Più dati sui solfiti per “confermarne appieno” la sicurezza alimentare

"Il livello cumulativo di sicurezza attualmente stabilito per sette solfiti utilizzati come additivi nel vino e in altri alimenti è sufficiente a tutelare i consumatori. Tuttavia l’EFSA rivedrà tale conclusione quando verranno forniti dati, provenienti da nuovi studi, per colmare le lacune nelle informazioni, ridurre le incertezze e confermarne pienamente la sicurezza per i consumatori”.

Con questo titolo l’Authority Europea per la sicurezza alimentare (EFSA) ha rilasciato un comunicato stampa che apre profonde riflessioni circa il futuro delle tecniche di produzione di vino.

Il tutto in un quadro ben più ampio nel quale la stessa Authority è tornata ad occuparsi dei solfiti come conservanti in campo alimentare (qui il parere scientifico in versione integrale).
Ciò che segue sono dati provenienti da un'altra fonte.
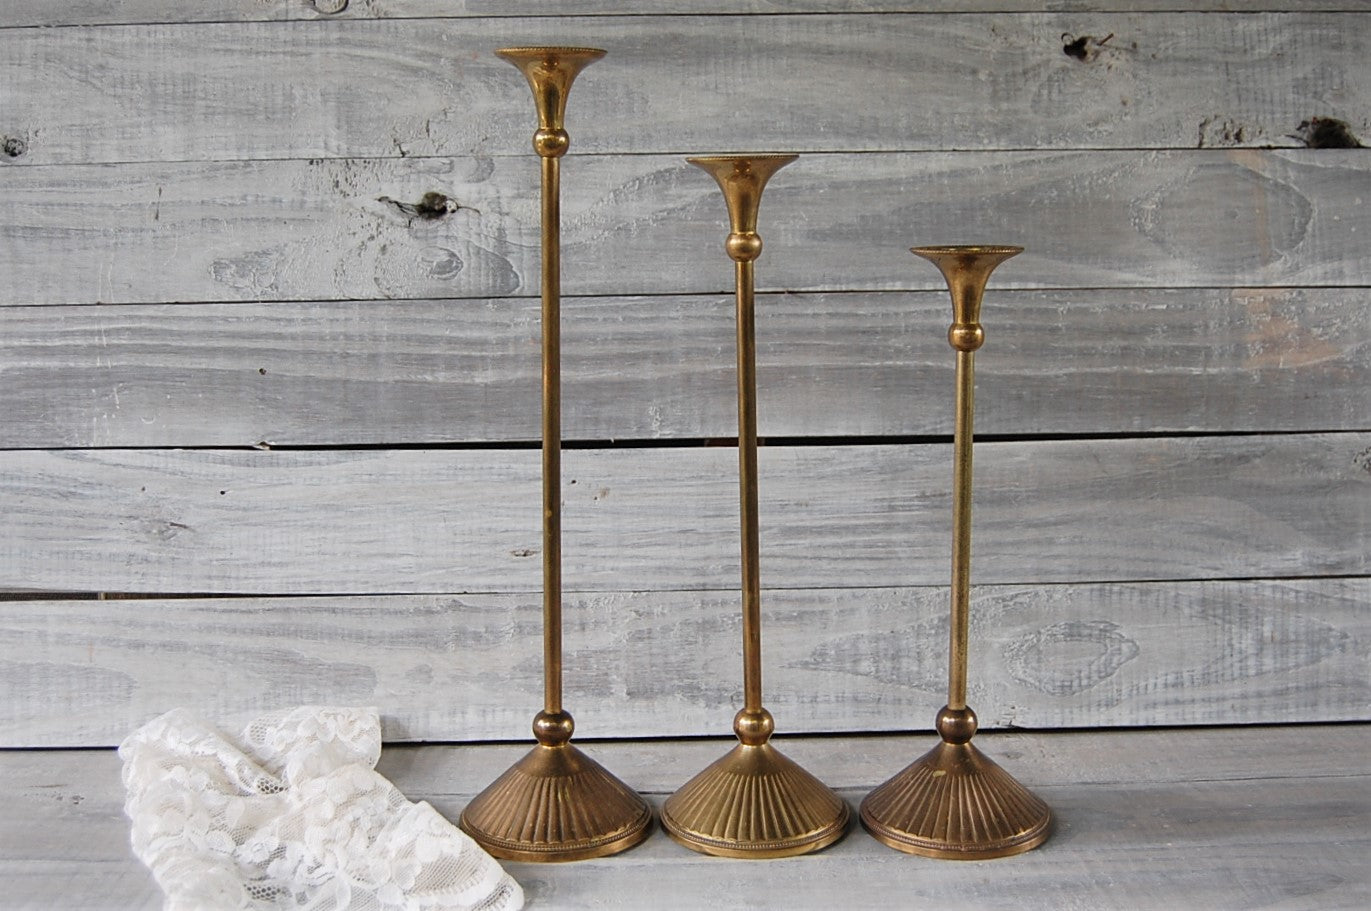 Tall brass candlesticks

Il passaggio rilevante di detto comunicato dice:

“Il gruppo di esperti scientifici dell’EFSA sugli additivi alimentari raccomanda che la DGA temporanea di gruppo venga valutata nuovamente entro cinque anni, dopo aver effettuato nuovi studi per produrre i dati mancanti. Il gruppo scientifico suggerisce inoltre che l'etichettatura riporti l’effettivo livello di solfiti o anidride solforosa nei singoli prodotti per aiutare i consumatori sensibili o intolleranti a contenere la propria assunzione”.

Pur nella difficoltà tecnica di esplicitare in etichetta l’effettivo contenuto di solfiti di ogni lotto di vino confezionato, stante anche la variabilità del dato nel tempo, potrebbe arrivare  il momento di fare fronte ad una norma in tal senso.

Facile intuire che un minor livello di solfiti dichiarati in etichetta potrà diventare - di conseguenza - un criterio preferenziale di scelta dei consumatori.

Gli strumenti nati dalla ricerca nel Progetto Freewine, attiva fin dal 2008 e tutt’ora in corso, potranno essere di grande aiuto sulla via della riduzione dell’uso dei solfiti nei vini, pur preservandone la corretta evoluzione nel tempo.